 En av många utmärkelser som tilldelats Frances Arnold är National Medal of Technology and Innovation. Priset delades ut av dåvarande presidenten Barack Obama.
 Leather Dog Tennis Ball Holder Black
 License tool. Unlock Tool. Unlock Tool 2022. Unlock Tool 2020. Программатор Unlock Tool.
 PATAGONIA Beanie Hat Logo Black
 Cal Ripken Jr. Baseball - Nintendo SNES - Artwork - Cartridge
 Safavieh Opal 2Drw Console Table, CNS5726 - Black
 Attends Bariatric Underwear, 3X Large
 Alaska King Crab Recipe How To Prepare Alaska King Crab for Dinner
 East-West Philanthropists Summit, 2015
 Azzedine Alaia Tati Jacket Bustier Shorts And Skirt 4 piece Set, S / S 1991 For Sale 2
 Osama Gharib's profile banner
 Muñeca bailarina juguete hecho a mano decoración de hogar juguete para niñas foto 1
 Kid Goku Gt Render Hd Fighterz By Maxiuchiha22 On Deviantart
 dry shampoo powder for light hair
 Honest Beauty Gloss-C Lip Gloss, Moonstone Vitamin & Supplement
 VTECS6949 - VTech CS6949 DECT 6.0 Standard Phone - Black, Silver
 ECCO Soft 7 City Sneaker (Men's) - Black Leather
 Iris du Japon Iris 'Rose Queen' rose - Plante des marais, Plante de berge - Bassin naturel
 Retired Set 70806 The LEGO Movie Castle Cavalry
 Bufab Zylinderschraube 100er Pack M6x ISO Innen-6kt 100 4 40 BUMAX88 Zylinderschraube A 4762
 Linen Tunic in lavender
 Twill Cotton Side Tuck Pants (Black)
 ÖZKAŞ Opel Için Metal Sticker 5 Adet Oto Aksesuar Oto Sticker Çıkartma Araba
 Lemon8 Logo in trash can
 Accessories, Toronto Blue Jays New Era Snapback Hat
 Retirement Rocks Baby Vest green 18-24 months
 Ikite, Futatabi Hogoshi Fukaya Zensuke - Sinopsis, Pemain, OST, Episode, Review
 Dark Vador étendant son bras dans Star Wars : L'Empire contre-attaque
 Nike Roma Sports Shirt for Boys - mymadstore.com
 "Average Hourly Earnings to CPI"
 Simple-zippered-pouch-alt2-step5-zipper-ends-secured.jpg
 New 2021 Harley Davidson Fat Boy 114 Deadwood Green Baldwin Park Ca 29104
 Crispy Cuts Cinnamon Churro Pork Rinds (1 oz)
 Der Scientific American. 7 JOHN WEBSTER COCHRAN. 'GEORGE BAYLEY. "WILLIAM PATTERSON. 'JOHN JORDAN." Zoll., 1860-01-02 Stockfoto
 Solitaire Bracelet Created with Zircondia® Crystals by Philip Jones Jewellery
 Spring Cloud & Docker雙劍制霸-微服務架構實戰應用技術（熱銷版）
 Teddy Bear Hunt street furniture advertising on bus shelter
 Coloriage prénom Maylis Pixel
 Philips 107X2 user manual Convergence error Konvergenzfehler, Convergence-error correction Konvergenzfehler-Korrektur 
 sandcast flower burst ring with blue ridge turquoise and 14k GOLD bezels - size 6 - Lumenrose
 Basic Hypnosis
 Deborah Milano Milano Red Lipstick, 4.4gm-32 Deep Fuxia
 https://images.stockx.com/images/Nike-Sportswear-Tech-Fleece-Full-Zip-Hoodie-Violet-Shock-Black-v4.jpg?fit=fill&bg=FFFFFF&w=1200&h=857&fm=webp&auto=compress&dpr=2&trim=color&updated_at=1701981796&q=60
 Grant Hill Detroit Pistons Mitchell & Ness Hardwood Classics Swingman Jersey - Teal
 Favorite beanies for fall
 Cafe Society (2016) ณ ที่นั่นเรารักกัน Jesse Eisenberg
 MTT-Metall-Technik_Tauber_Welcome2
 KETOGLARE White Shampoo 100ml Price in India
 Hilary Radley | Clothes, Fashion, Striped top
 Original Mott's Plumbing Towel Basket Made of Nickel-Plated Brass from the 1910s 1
§ §
Problem to work on: Everything above from the line containing "Kid Goku Gt" down to the line containing "Solitaire Bracelet Created" should be copied exactly, both end lines included, and nothing else.

Result of the exercise:
 Kid Goku Gt Render Hd Fighterz By Maxiuchiha22 On Deviantart
 dry shampoo powder for light hair
 Honest Beauty Gloss-C Lip Gloss, Moonstone Vitamin & Supplement
 VTECS6949 - VTech CS6949 DECT 6.0 Standard Phone - Black, Silver
 ECCO Soft 7 City Sneaker (Men's) - Black Leather
 Iris du Japon Iris 'Rose Queen' rose - Plante des marais, Plante de berge - Bassin naturel
 Retired Set 70806 The LEGO Movie Castle Cavalry
 Bufab Zylinderschraube 100er Pack M6x ISO Innen-6kt 100 4 40 BUMAX88 Zylinderschraube A 4762
 Linen Tunic in lavender
 Twill Cotton Side Tuck Pants (Black)
 ÖZKAŞ Opel Için Metal Sticker 5 Adet Oto Aksesuar Oto Sticker Çıkartma Araba
 Lemon8 Logo in trash can
 Accessories, Toronto Blue Jays New Era Snapback Hat
 Retirement Rocks Baby Vest green 18-24 months
 Ikite, Futatabi Hogoshi Fukaya Zensuke - Sinopsis, Pemain, OST, Episode, Review
 Dark Vador étendant son bras dans Star Wars : L'Empire contre-attaque
 Nike Roma Sports Shirt for Boys - mymadstore.com
 "Average Hourly Earnings to CPI"
 Simple-zippered-pouch-alt2-step5-zipper-ends-secured.jpg
 New 2021 Harley Davidson Fat Boy 114 Deadwood Green Baldwin Park Ca 29104
 Crispy Cuts Cinnamon Churro Pork Rinds (1 oz)
 Der Scientific American. 7 JOHN WEBSTER COCHRAN. 'GEORGE BAYLEY. "WILLIAM PATTERSON. 'JOHN JORDAN." Zoll., 1860-01-02 Stockfoto
 Solitaire Bracelet Created with Zircondia® Crystals by Philip Jones Jewellery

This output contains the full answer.